Земля матерей
Часть 18 из 72 Информация о книге
Для доступа к библиотеке пройдите авторизацию
Тревожусь жутко. В «Атараксии» говорят, что могут устроить амнистию. Но ты должна вернуться, срочно. Пожалуйста, сестренка!
Целую
Билли
Кому: Коул@ColeFolds.com
От: Билли Брэди
Дата: 25 апреля 2023 года, 19:55:43 ТПВ
Тема: Я в беде
Сестренка, меня обвиняют в пособничестве в похищении. Пожалуйста, пожалуйста, объявись! Так будет лучше для нас обеих. Ты будешь в безопасности.
Люблю
Билли
– Твою мать!.. – Коул захлопывает компьютер. Снова его открывает и выходит из электронной почты. Закрывает все окна, перезагружает компьютер. – Твою мать, твою мать, твою мать! – Ее сестра никогда так не говорила. Начнем с того, она никогда не говорит «пожалуйста». «Люблю», «сестренка». Это ловушка. Какая мерзость! Департамент мужчин изображает ее мертвую сестру, чтобы заставить ее вернуться. Господи!
18. Билли: Холод зовет
Они отстали от Коул на двое суток, возможно, меньше. У нее в голове постоянный звон, отчего время кажется пористым и мягким. Они найдут ее здесь, Билли в этом уверена. Коул будет наскребать наличные, угонять новую машину, проверять электронную почту, собирать информацию, строить планы. Черт возьми, может быть, мастерить бумажных балерин и футболистов! Именно этим и занималась ее сестра в рамках одного большого проекта – рекламный ролик стирального порошка с одними бумажными куклами, превращающимися в другие. И этим удовлетворять все потребности своей семьи! Рисовать картинки и мастерить фигурки, притворяясь, будто это настоящая работа, такая игривая, такая увлекательная, в то время как Билли всю свою жизнь приходилось надрывать задницу. А какие потребности у нее самой? Доставить Майлса миссис Амато, живого и невредимого, закончить эту грязную игру, получить деньги и найти какое-нибудь местечко с красивым пляжем и коктейлями.

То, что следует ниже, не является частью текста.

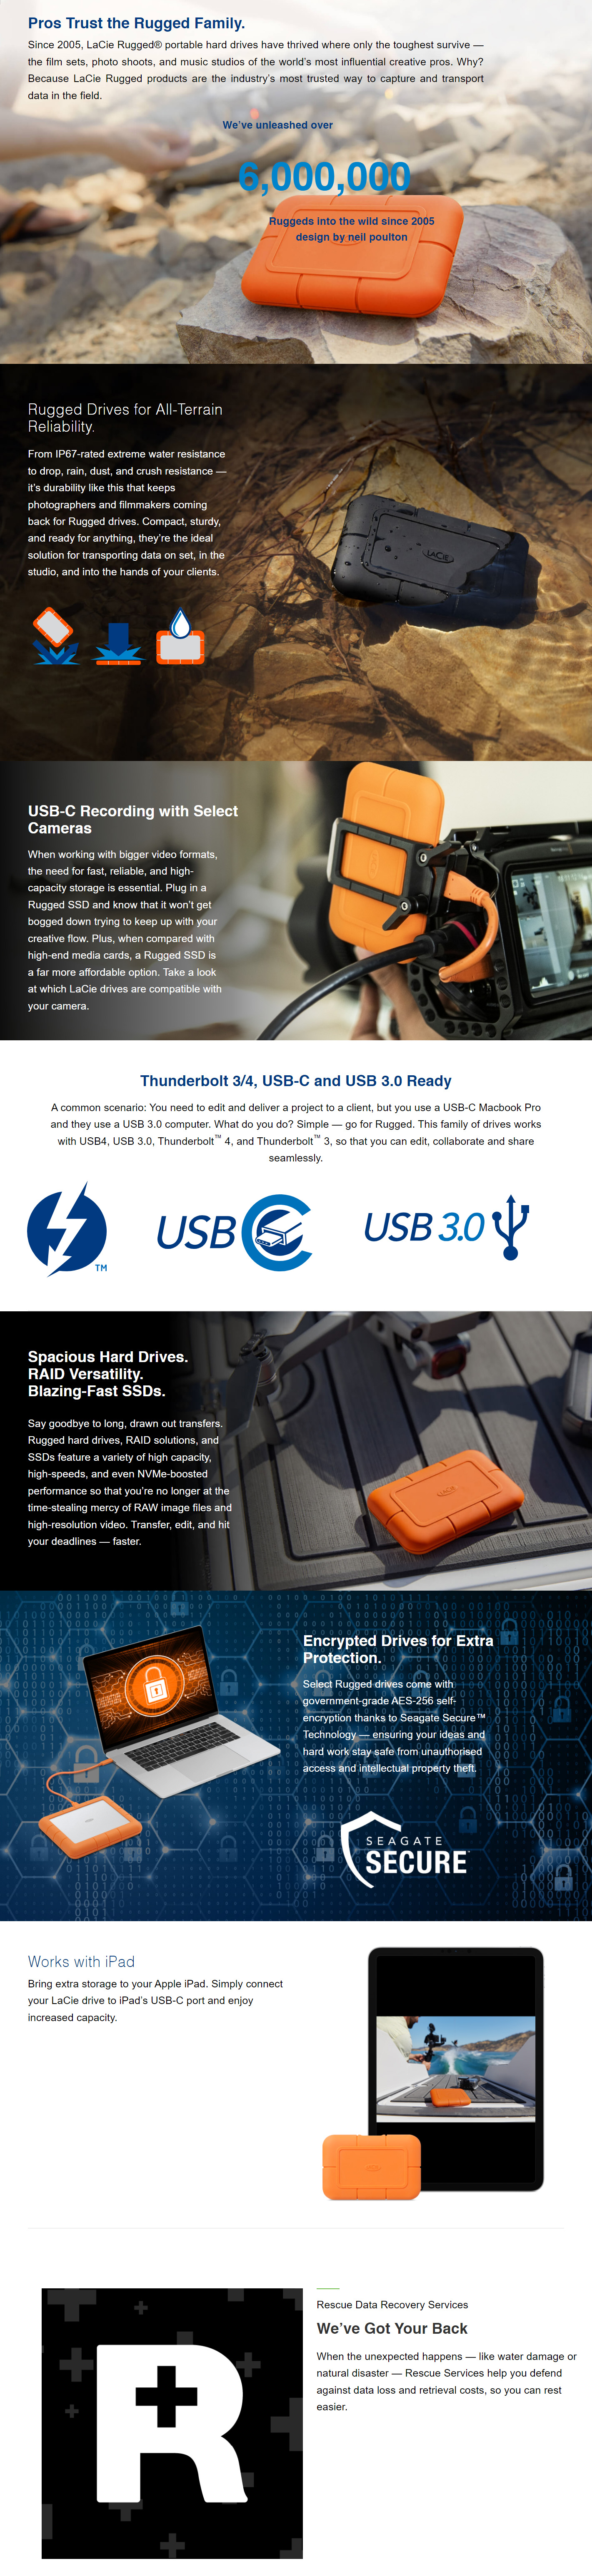 External-SSD-Hard-Drives-LaCie-4TB-Rugged-Pro-USB-Type-C-Portable-External-SSD-Black-1

Но сначала гостиница, чтобы провести ночь. Настоящая, не ночлежка для беженцев. Без ненужной бумажной волокиты. Зара платит за это, отсчитывая купюры. Одна комната, две двухспальные кровати. По молчаливому соглашению Билли спит одна, а эти двое устраиваются вместе. И не из уважения к ней. Они ее ненавидят. Ждут не дождутся от нее избавиться. Билли опасается, что они придушат ее во сне.
Она отказывается от снотворного, которое ей предлагает Рико. Памятуя о тех таблетках, украденных из шкафчика в кабинете психиатра, которыми она накормила Майлса и Коул в «Атараксии», подмешав к горячему шоколаду. Билли поступила так со своей сестрой, потому что хотела не впутывать ее во все это, чтобы не подвергать опасности. Вот видите, как она ее любит? И она не хотела пугать и расстраивать Майлса. Определенно, она делала как лучше. Ей уже тошно оправдывать свои поступки. Ну почему никто ей не верит?
Зара, здоровенная сучка, красит ногти на ногах, резкая вонь ацетона временно подавляет все остальные запахи в номере – женского пота, застарелого табачного дыма, пропитавшего куртку Рико, висящую на спинке стула, тонкий смрад гниющих цветов. Билли никогда бы не подумала, что Ужасы войны из тех, кто раскрашивает в кроваво-красный цвет ногти на своих белых, как рыбье брюхо, ногах, и, наверное, можно было бы попросить ее не делать этого, так как голова разболелась еще сильнее. Назойливый гул не прекращается. Сплошной звон в ушах.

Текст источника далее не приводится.